YOUR OBJECTIVE: Would you reproduce exactly the lines below from the one holding "To place around" through the one holding "dimensions of the fireplace.", inclusive, and no others?

MATERIAL PROVIDED:
· · ·

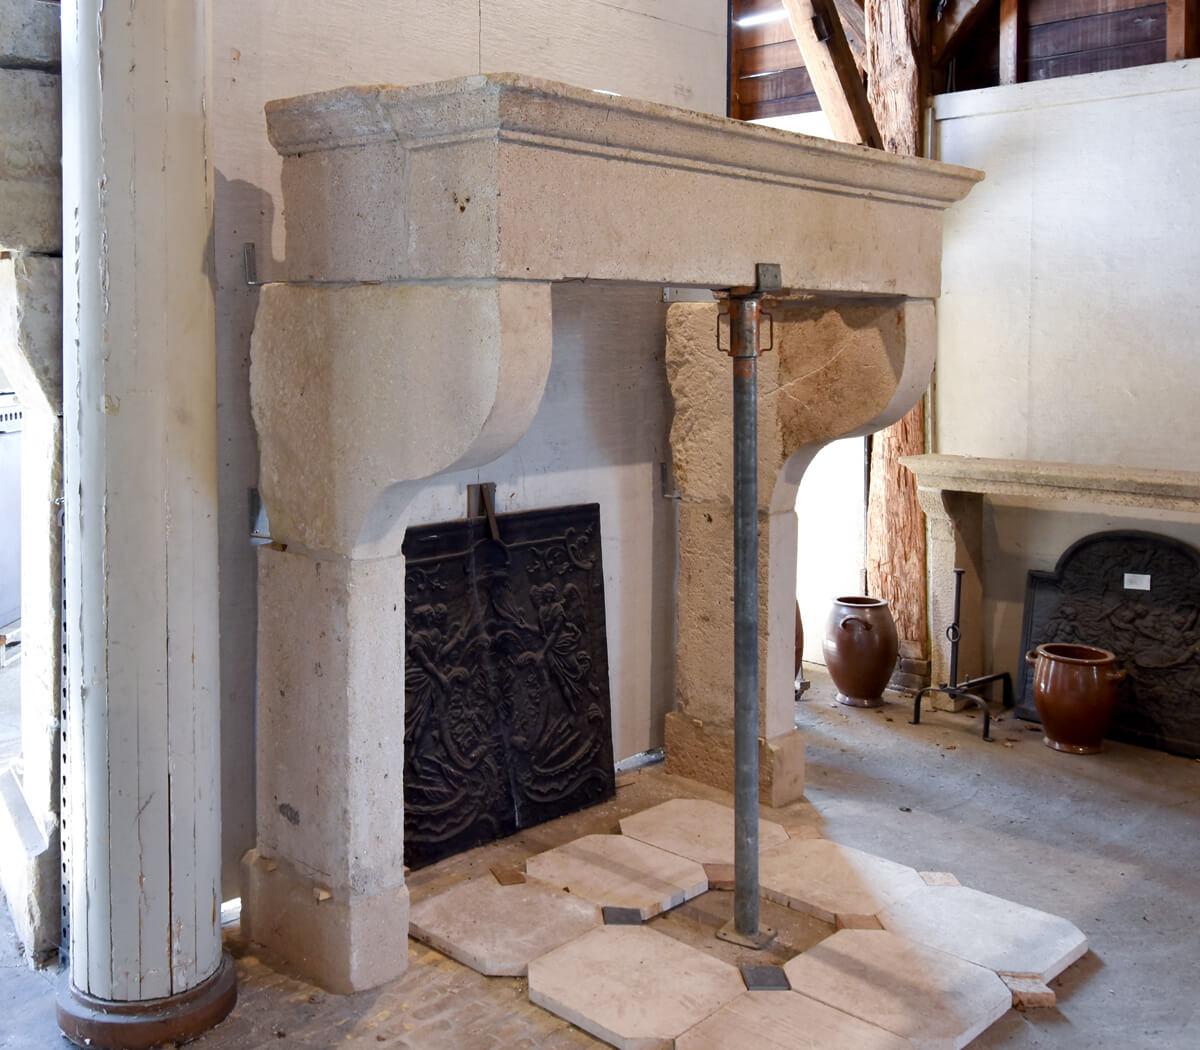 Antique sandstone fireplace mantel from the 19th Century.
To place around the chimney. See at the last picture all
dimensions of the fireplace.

· · ·

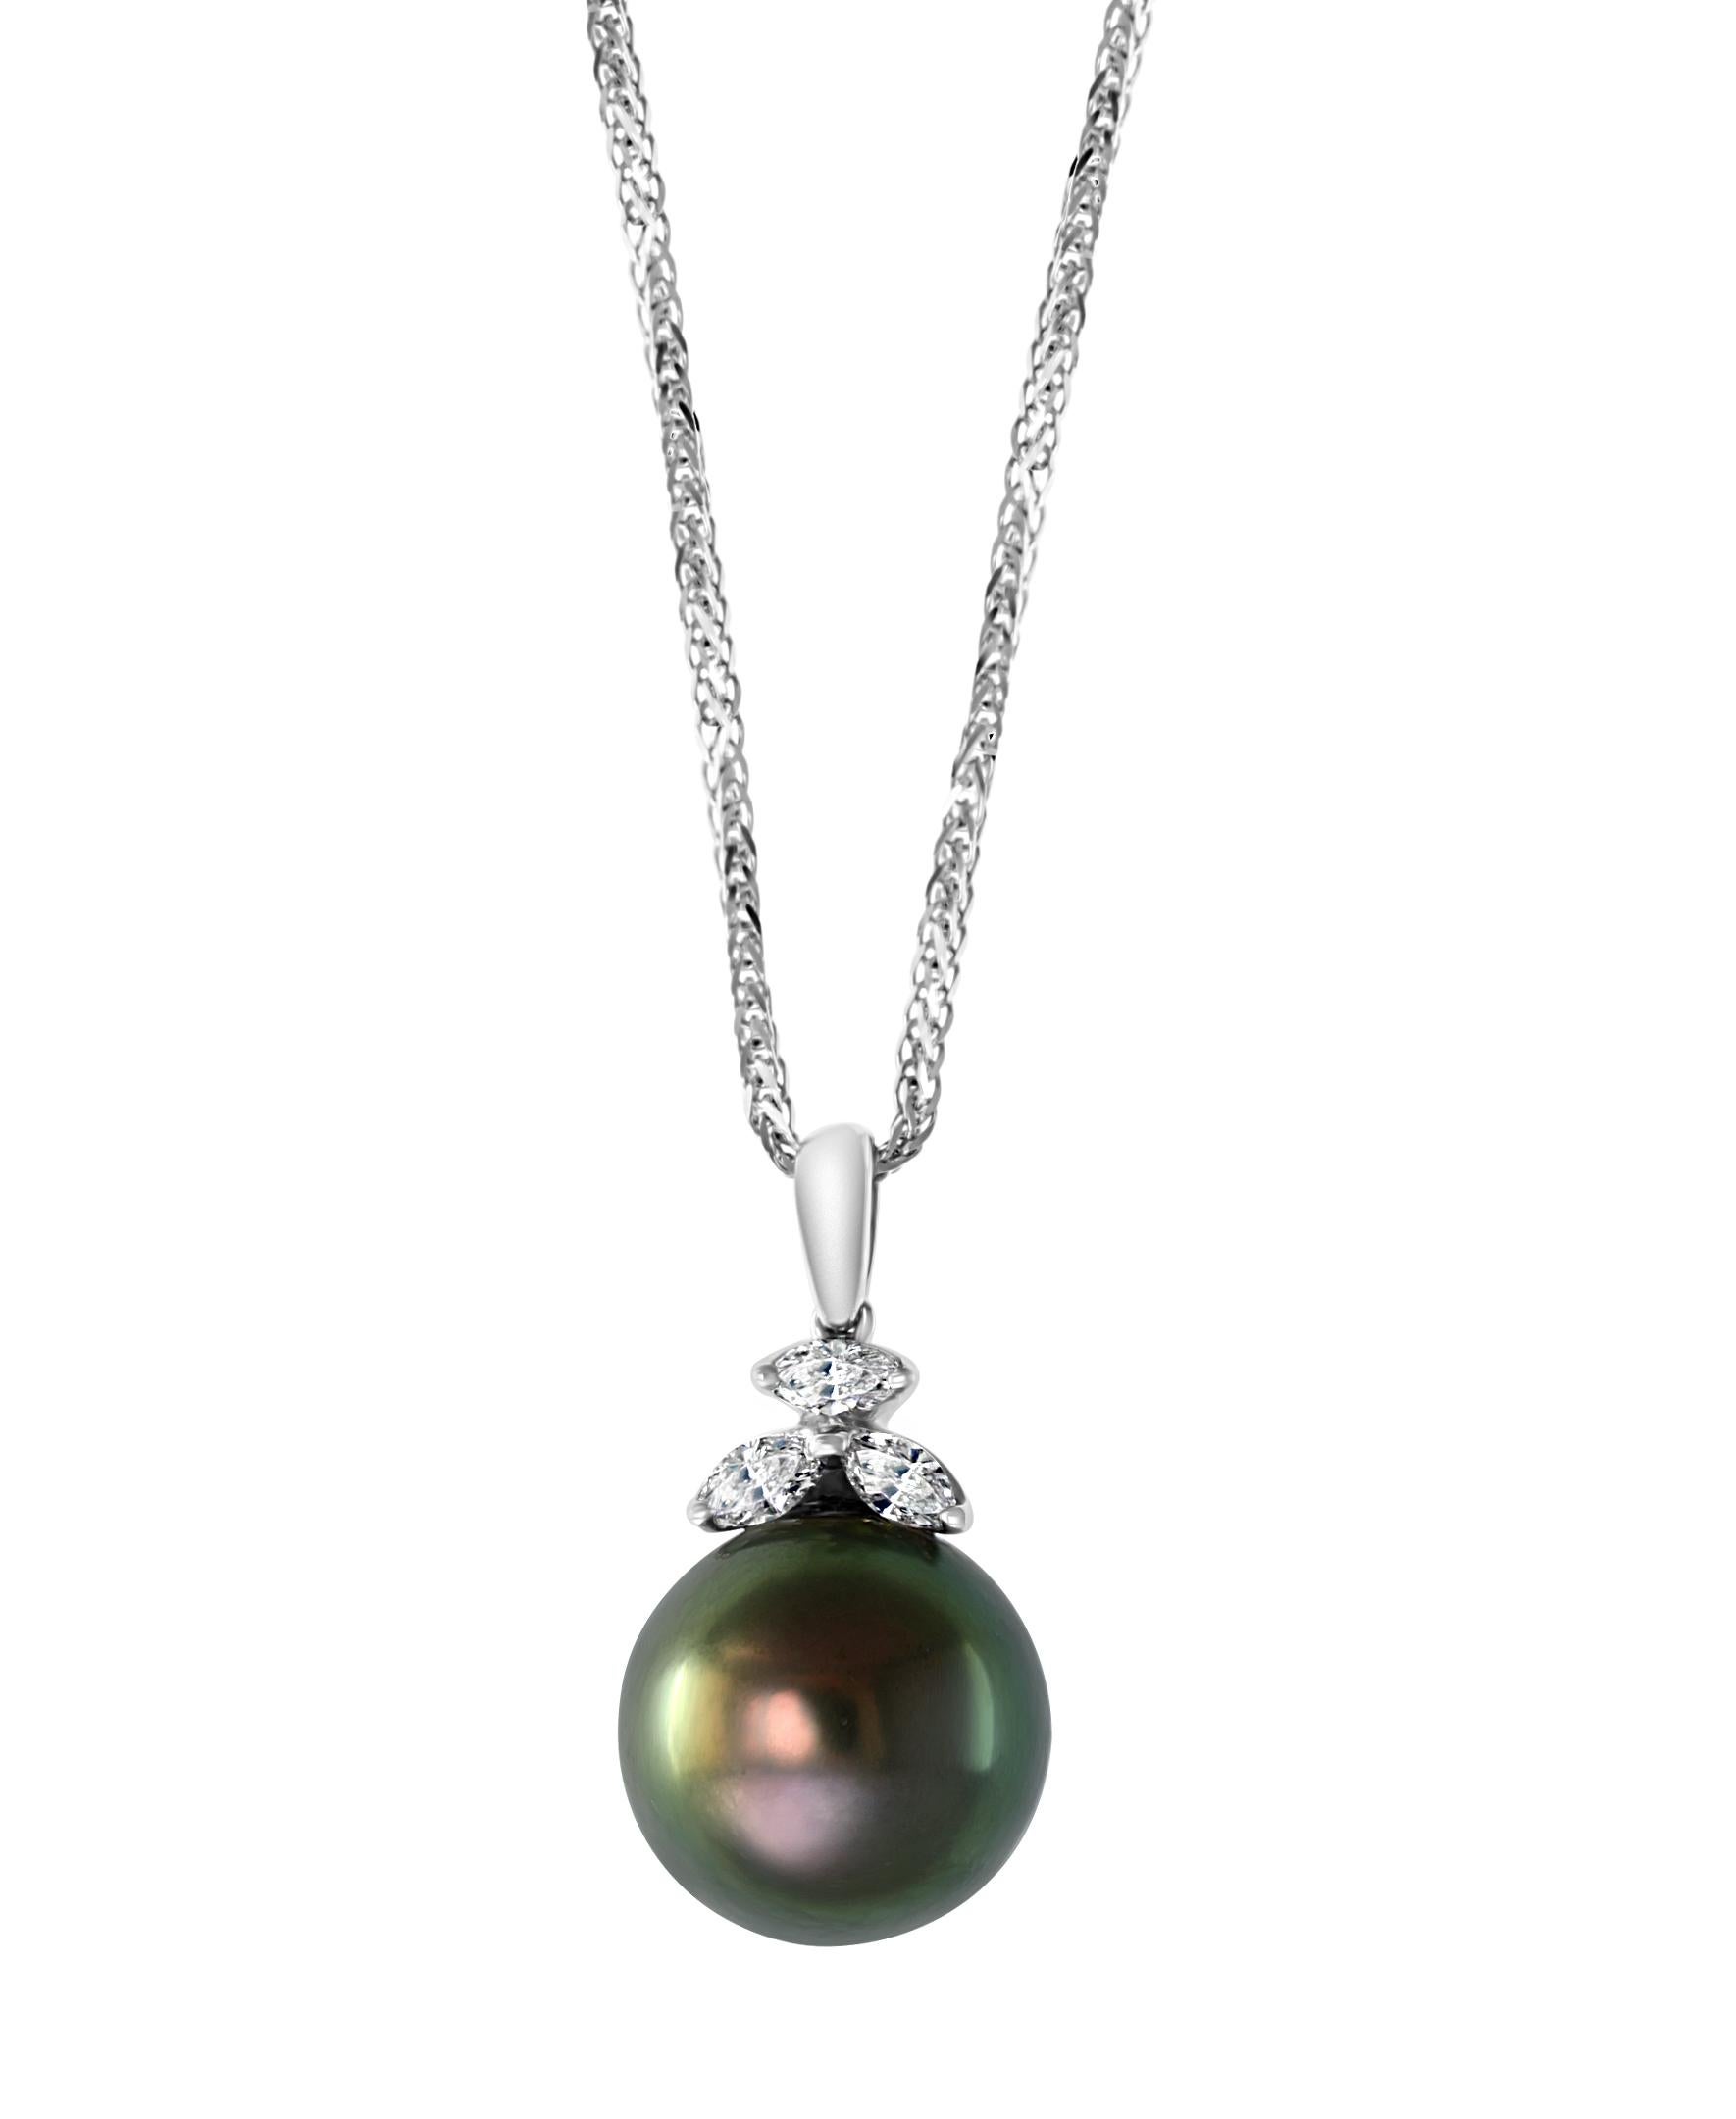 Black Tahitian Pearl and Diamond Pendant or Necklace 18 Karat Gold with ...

· · ·

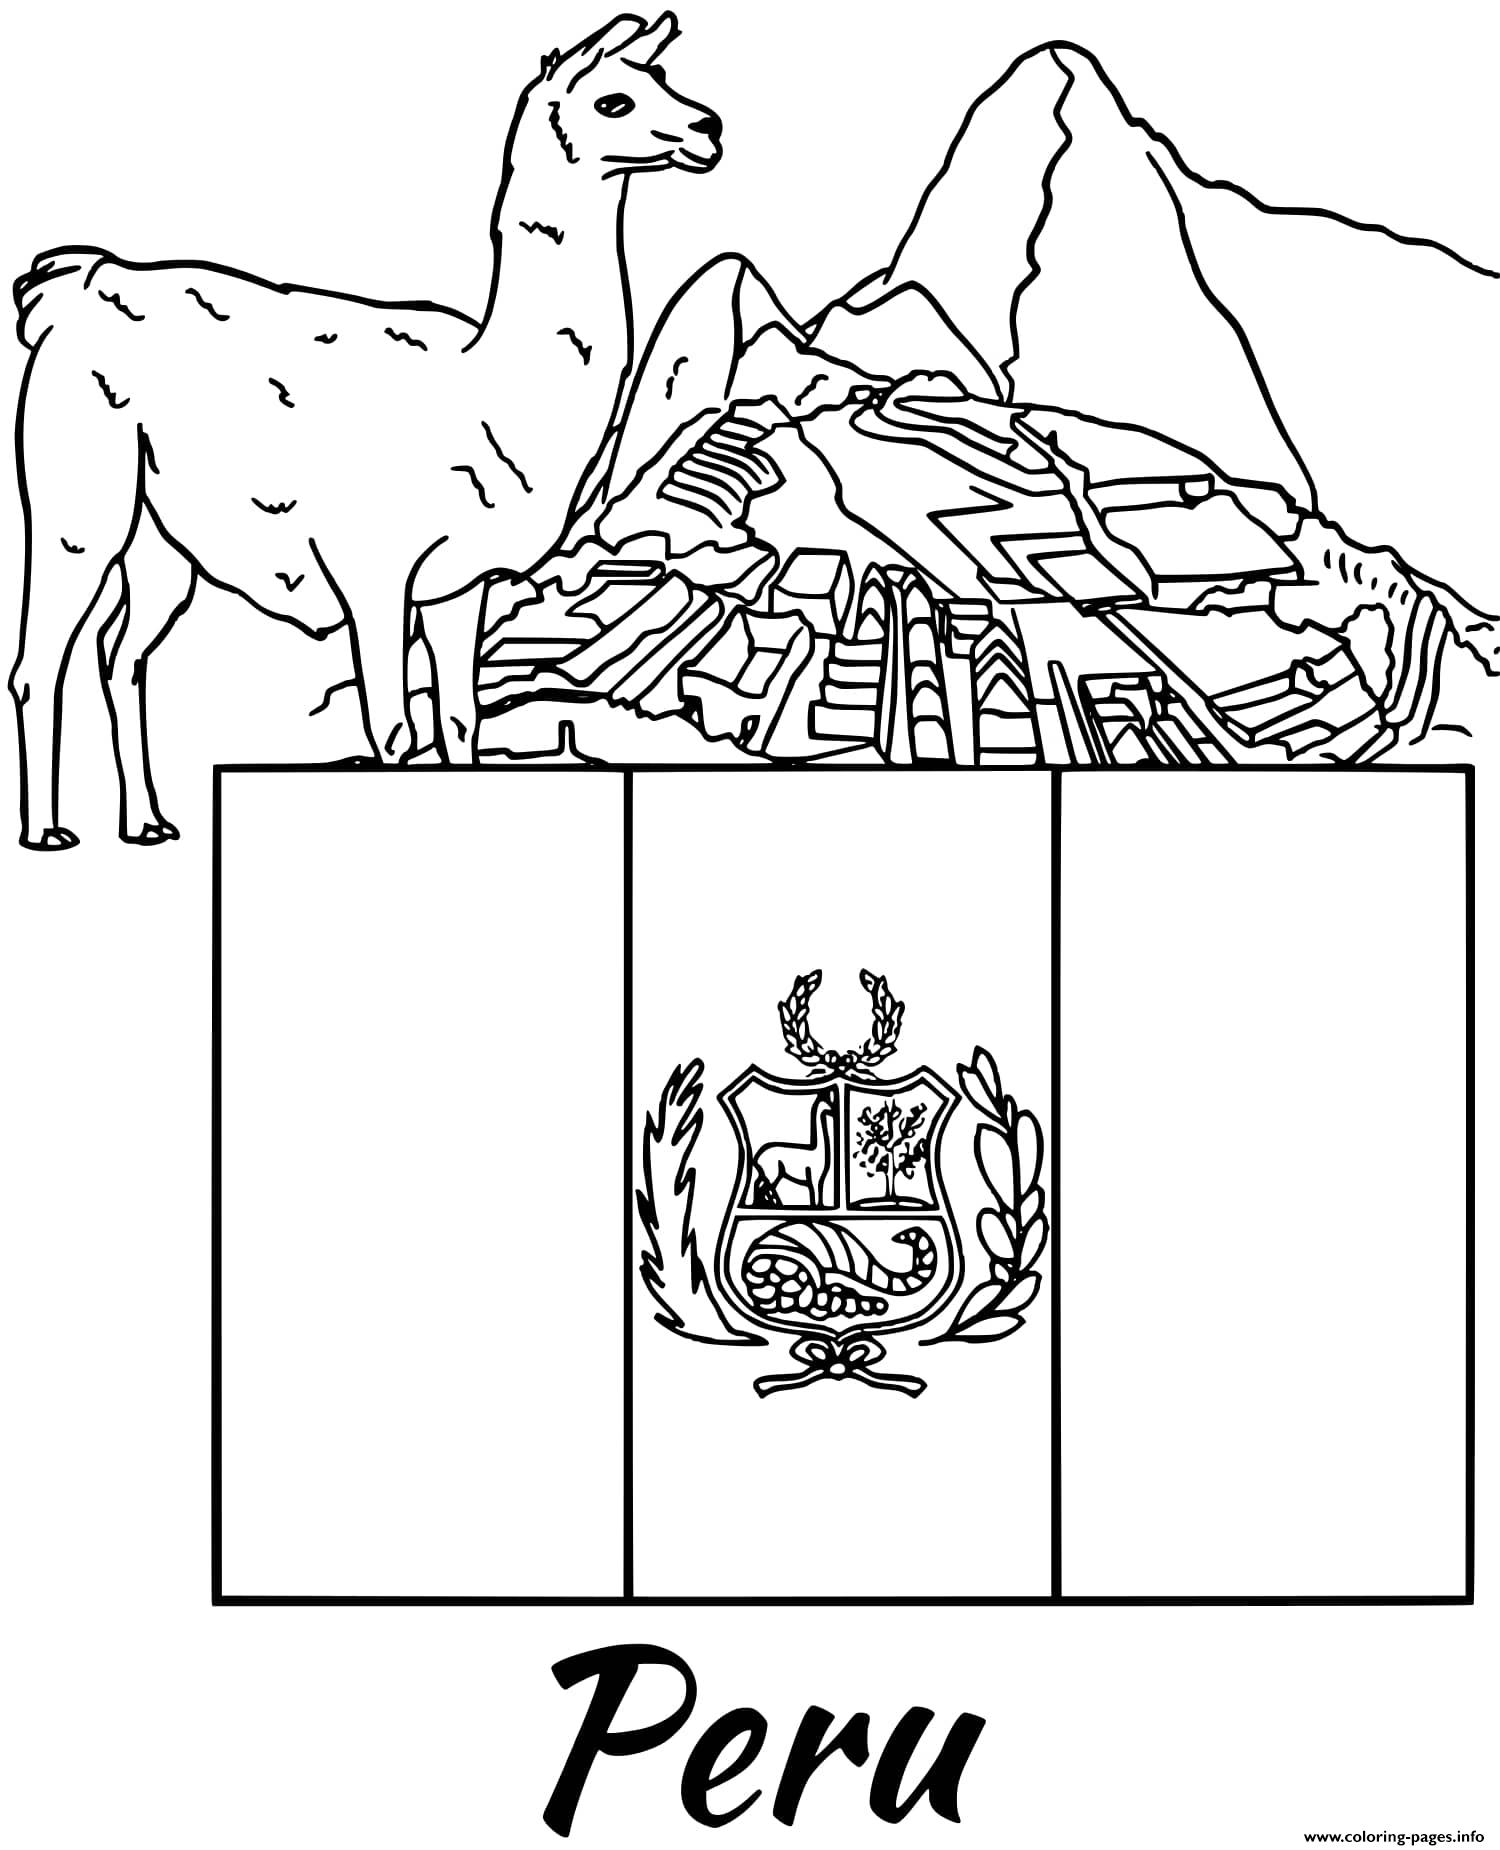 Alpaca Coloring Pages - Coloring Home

· · ·

EXERCISE SOLUTION:
To place around the chimney. See at the last picture all
dimensions of the fireplace.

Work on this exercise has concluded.